Top of Given data

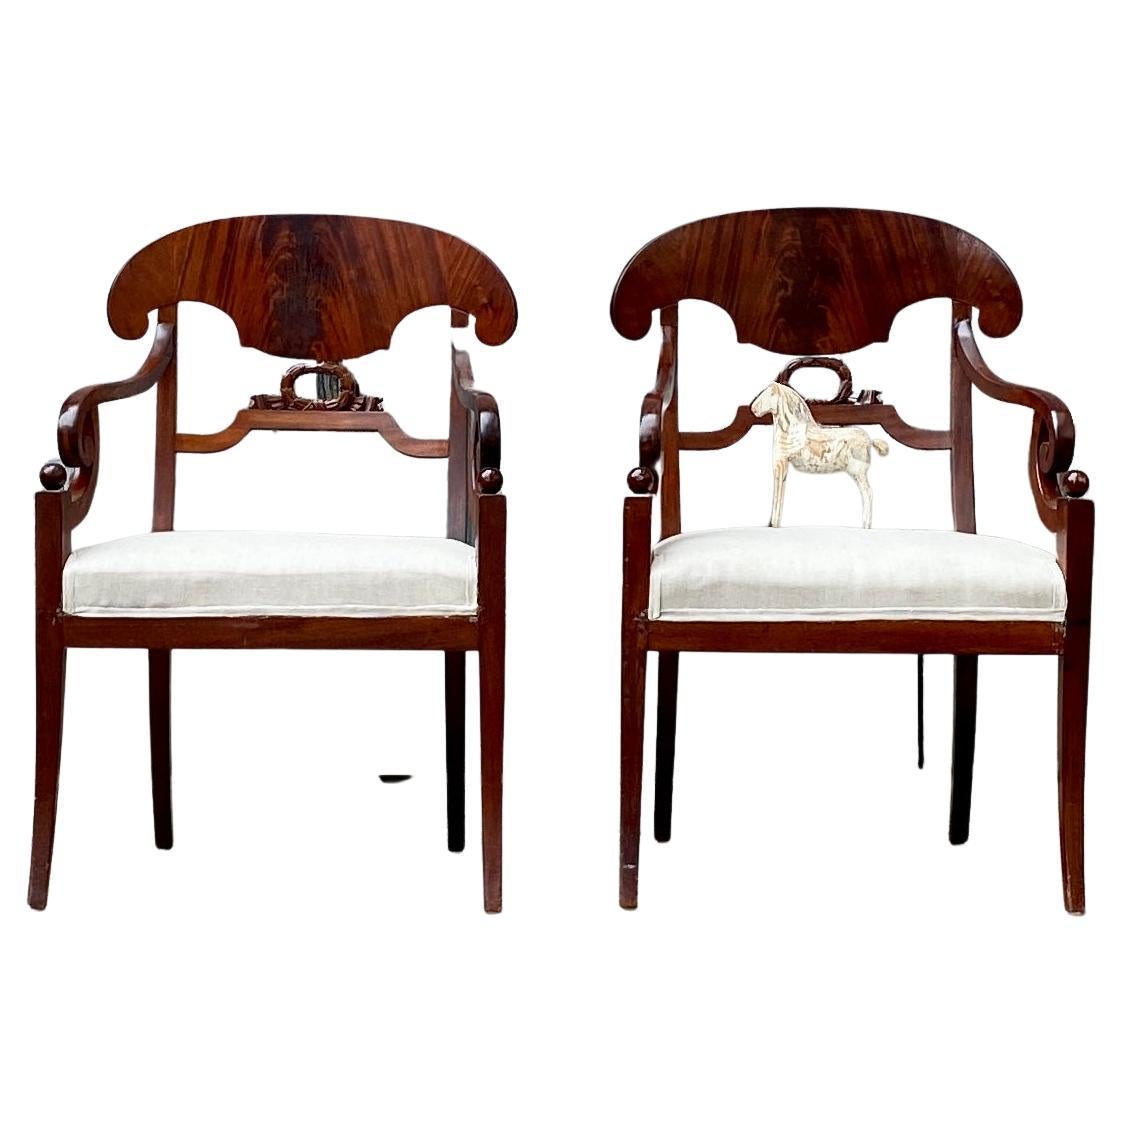 Paire de fauteuils en acajou de Stockholm de la période Empire / Karl Johan, vers 1810-1830 Suède.
Une paire de fauteuils sont plaqués dans un magnifique acajou brun foncé et sont de conception très classique avec une décoration centrale sculptée.
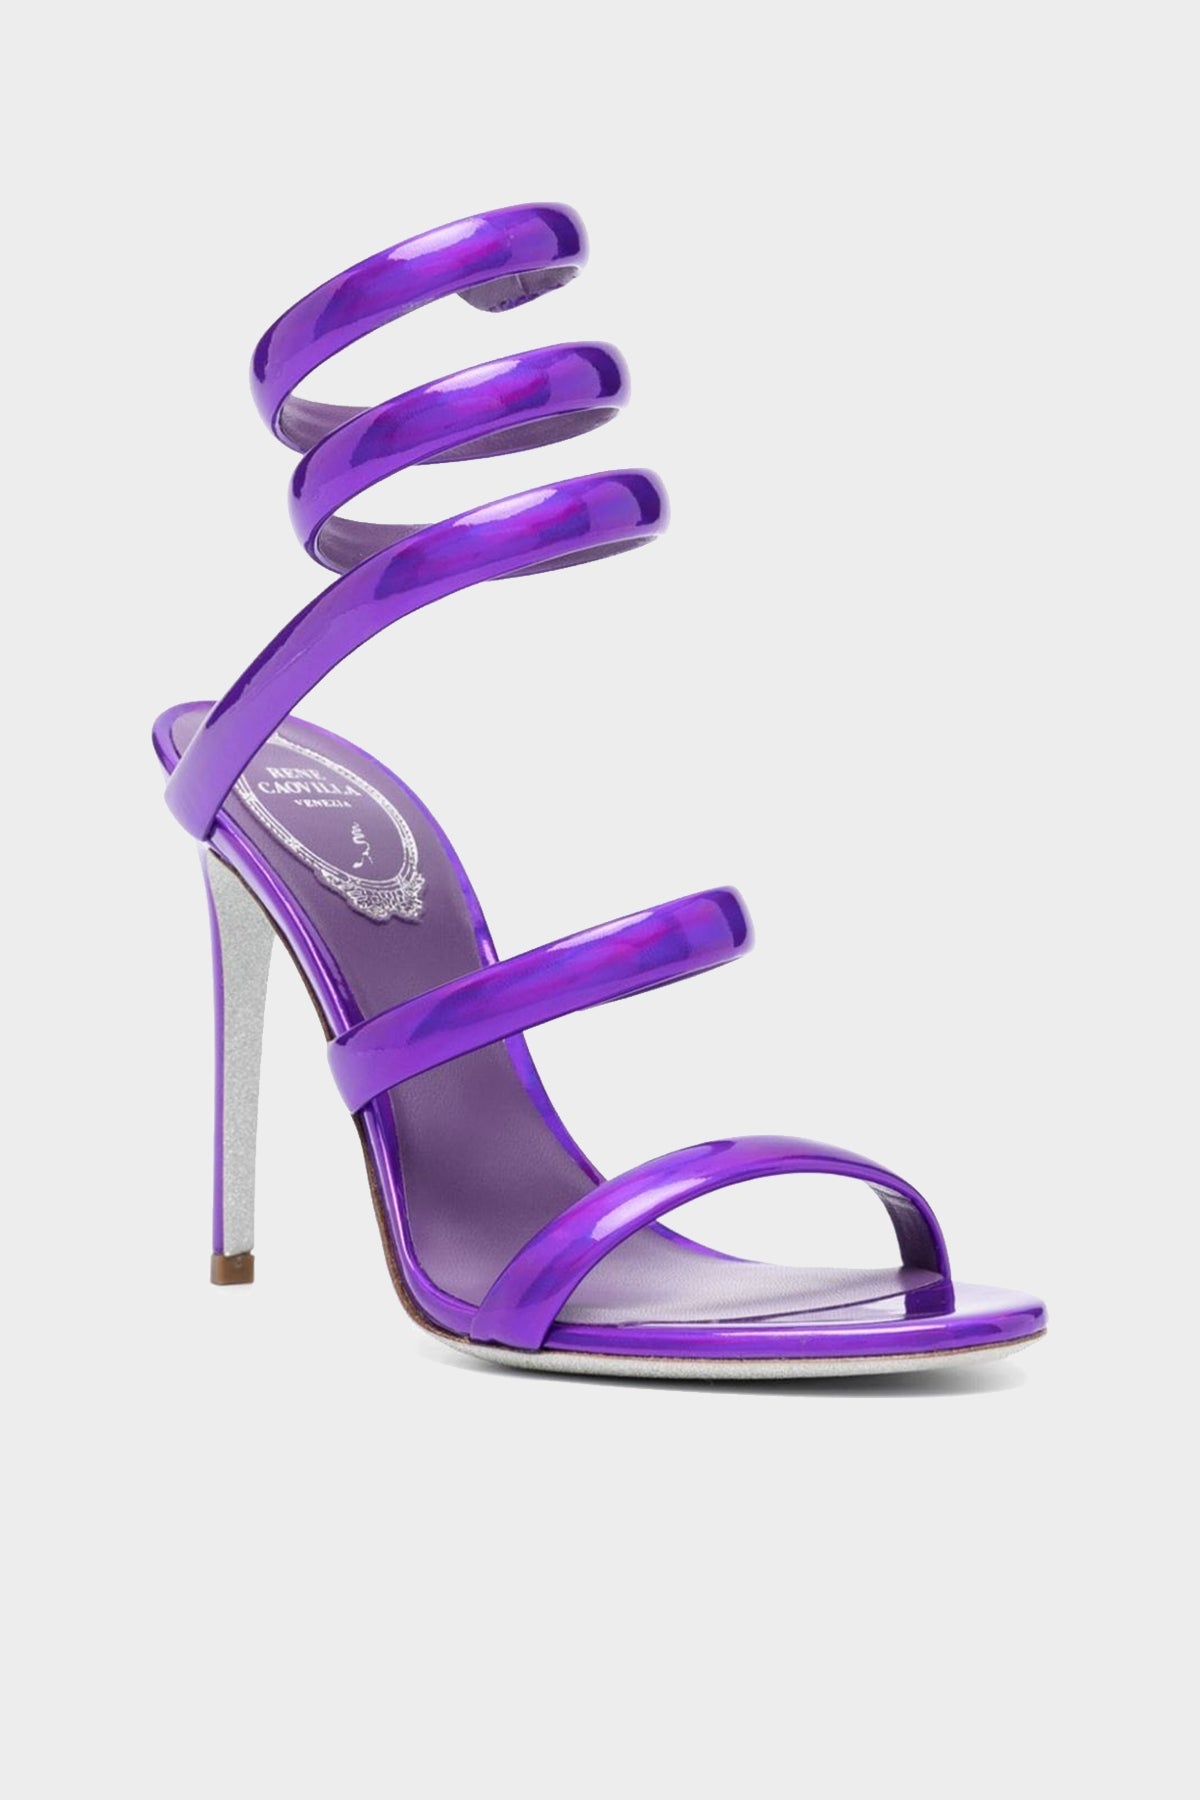 Cleo Sandal 105 in Violet - shop-olivia.com

Bottom of Given data

-- About this exercise --
Would it be possible to reproduce the material word for word, images omitted?

-- Completed exercise --
 Paire de fauteuils en acajou de Stockholm de la période Empire / Karl Johan, vers 1810-1830 Suède.
Une paire de fauteuils sont plaqués dans un magnifique acajou brun foncé et sont de conception très classique avec une décoration centrale sculptée.
 Cleo Sandal 105 in Violet - shop-olivia.com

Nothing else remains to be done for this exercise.